Problem details:
Repeat the listing below in full and exactly. Pictures are to be omitted.

Given data:
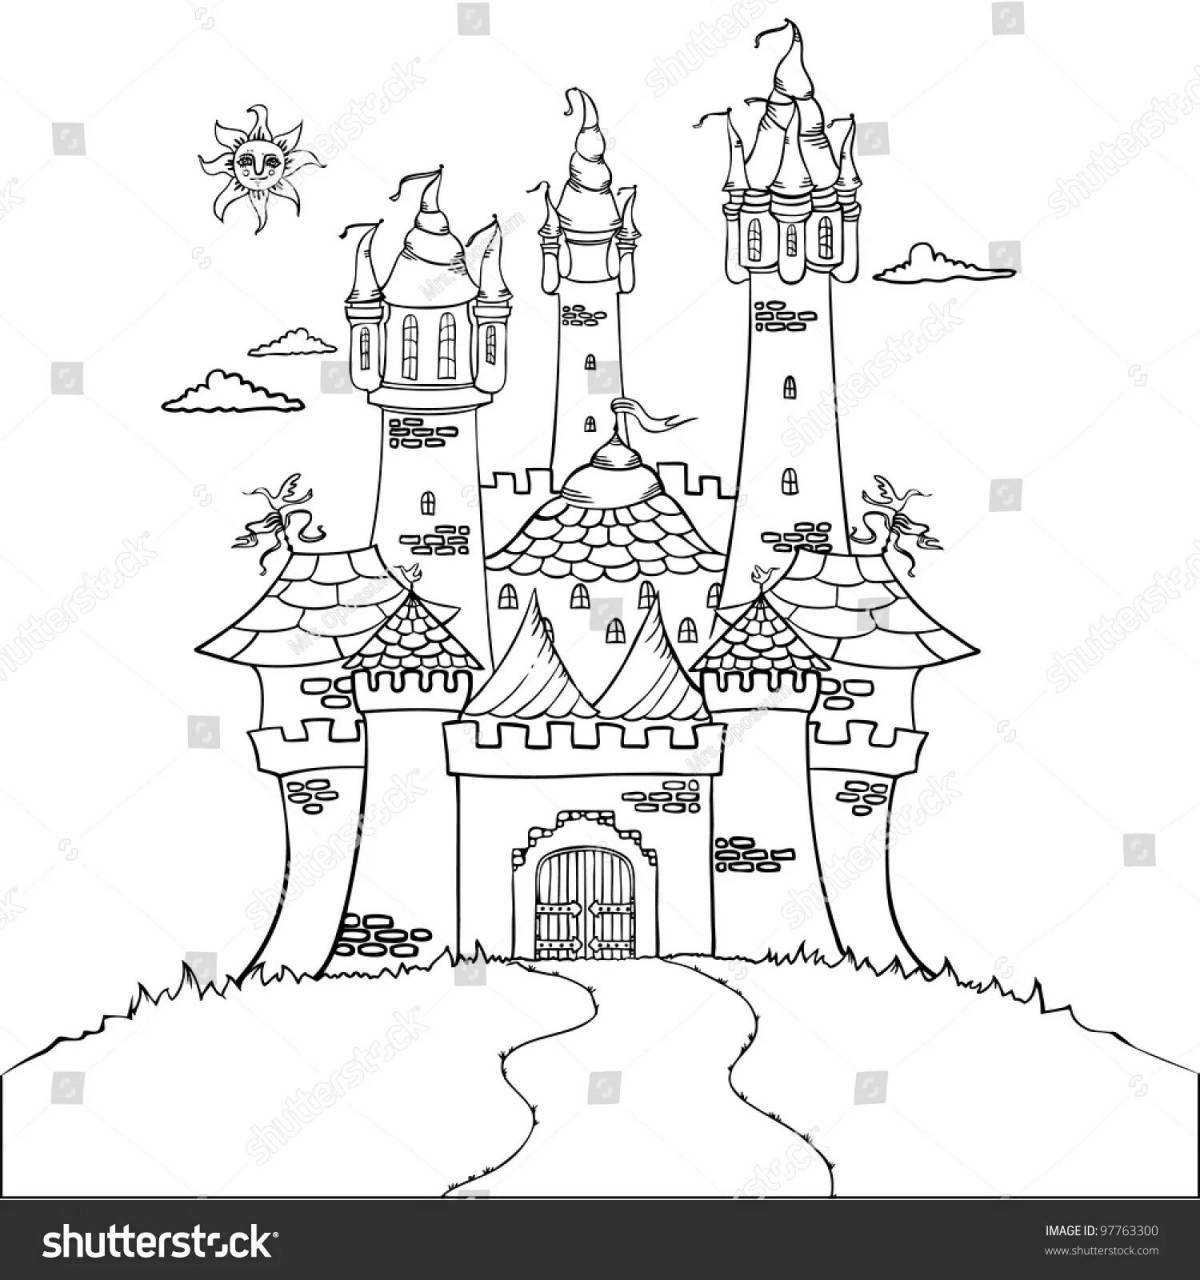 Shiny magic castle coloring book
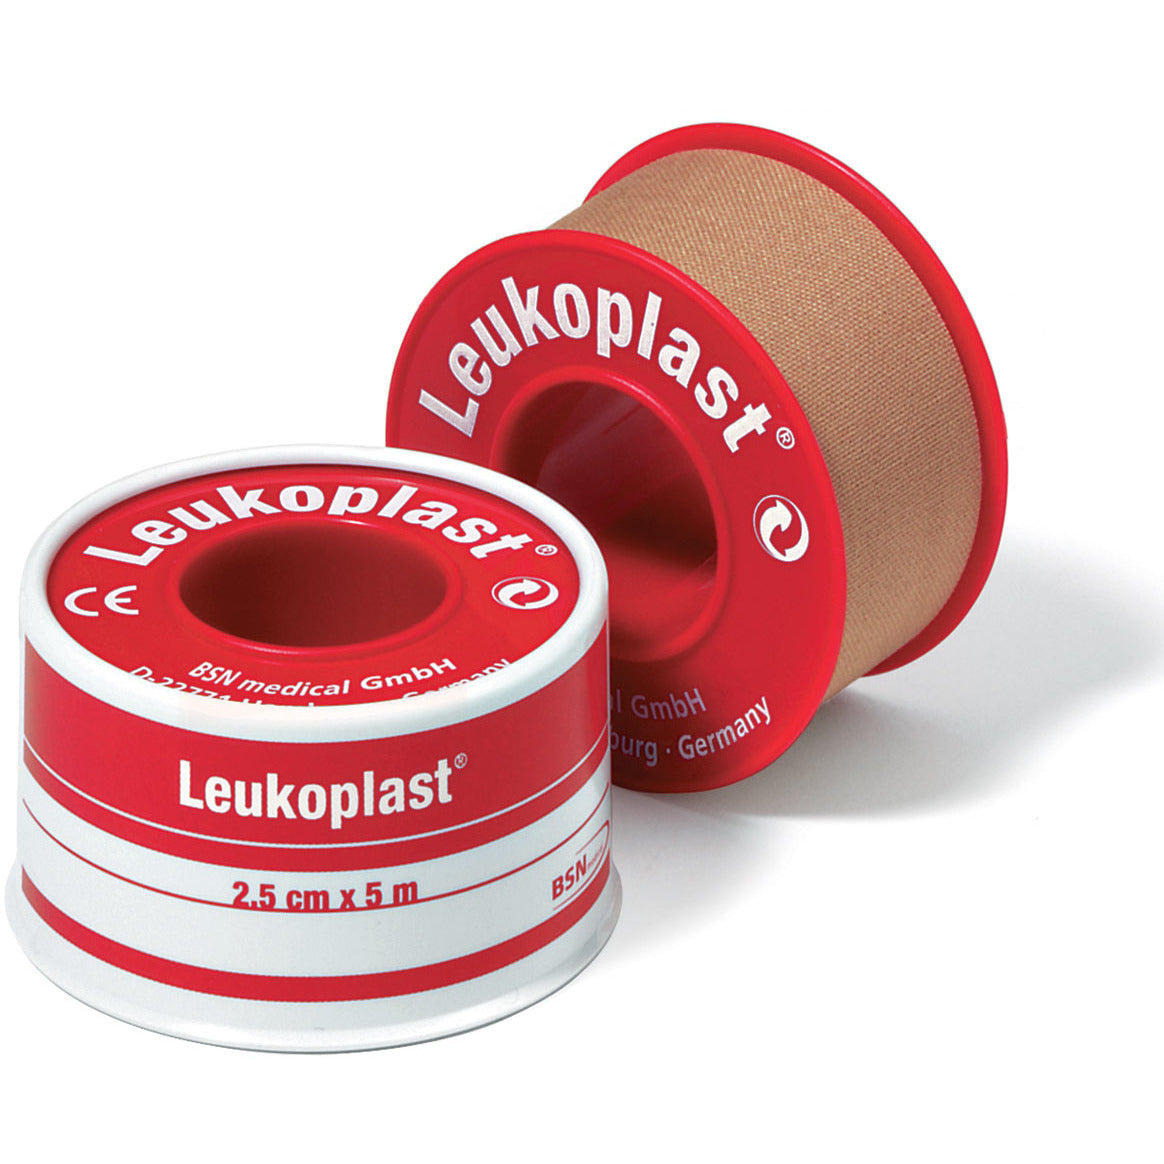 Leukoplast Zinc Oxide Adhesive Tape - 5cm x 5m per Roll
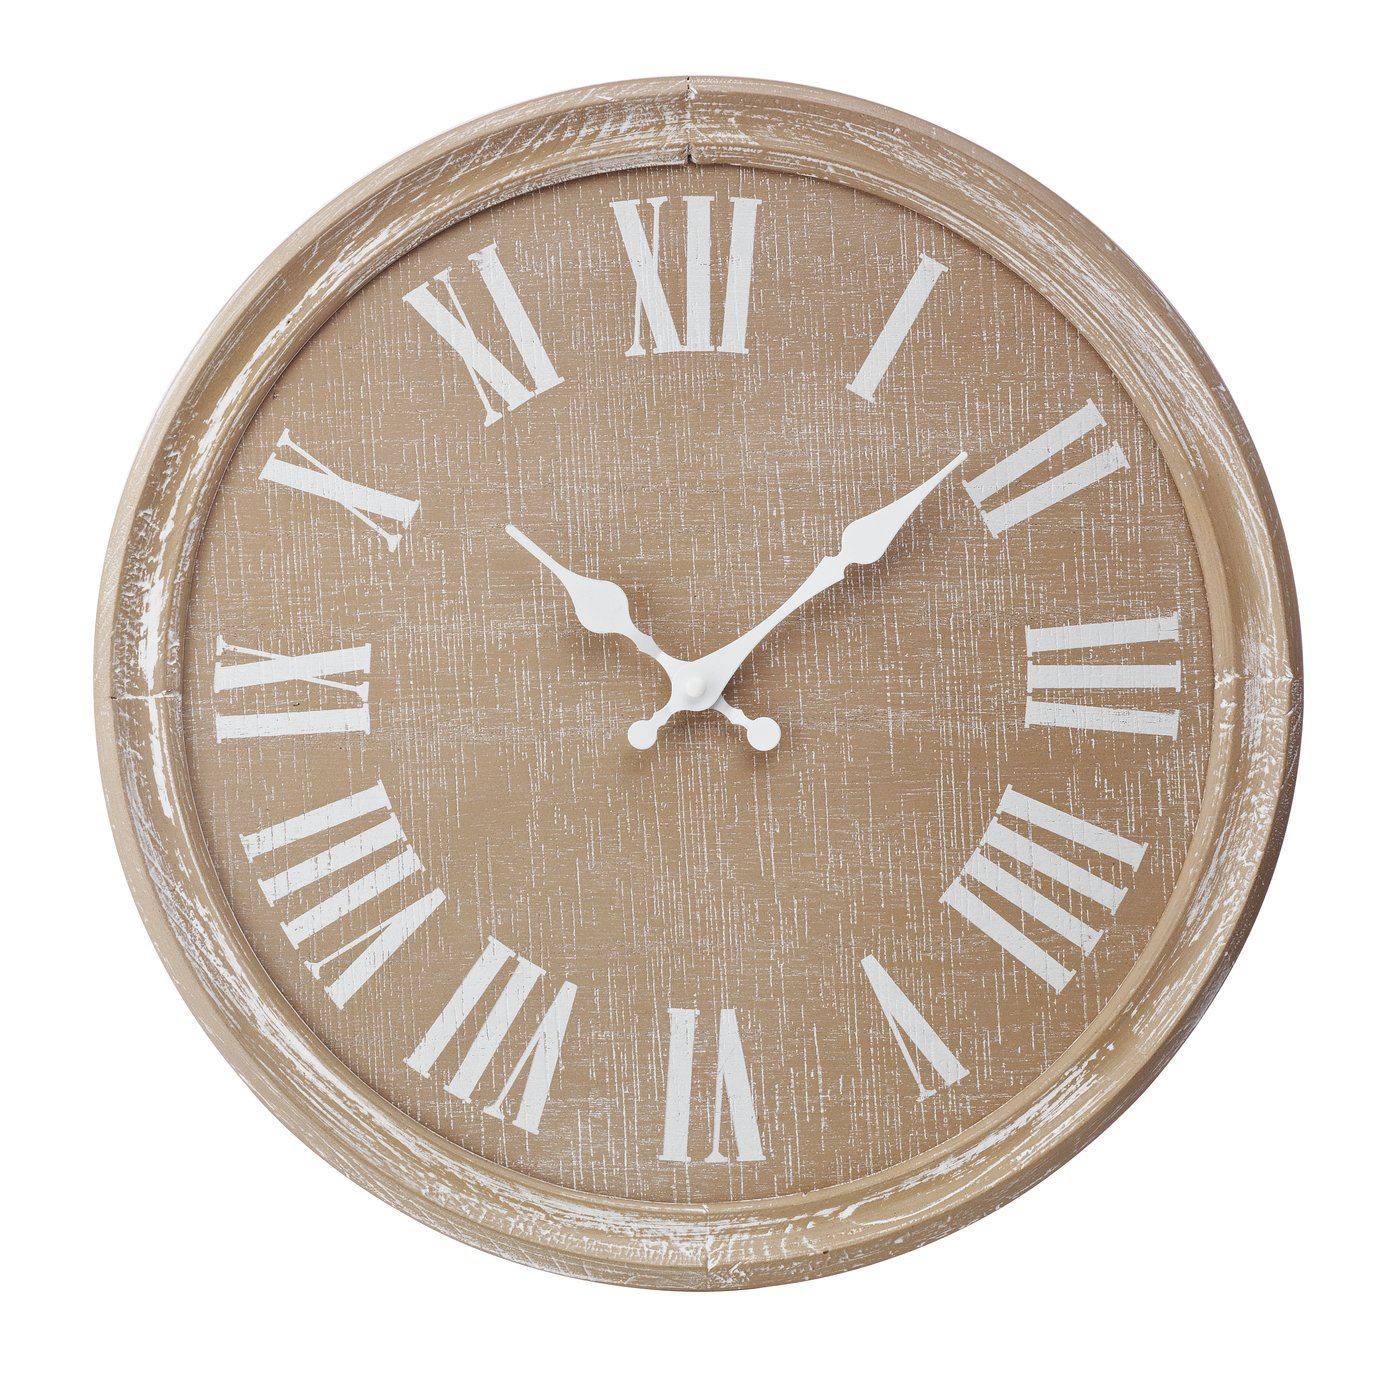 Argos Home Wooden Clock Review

Written answer:
 Shiny magic castle coloring book
 Leukoplast Zinc Oxide Adhesive Tape - 5cm x 5m per Roll
 Argos Home Wooden Clock Review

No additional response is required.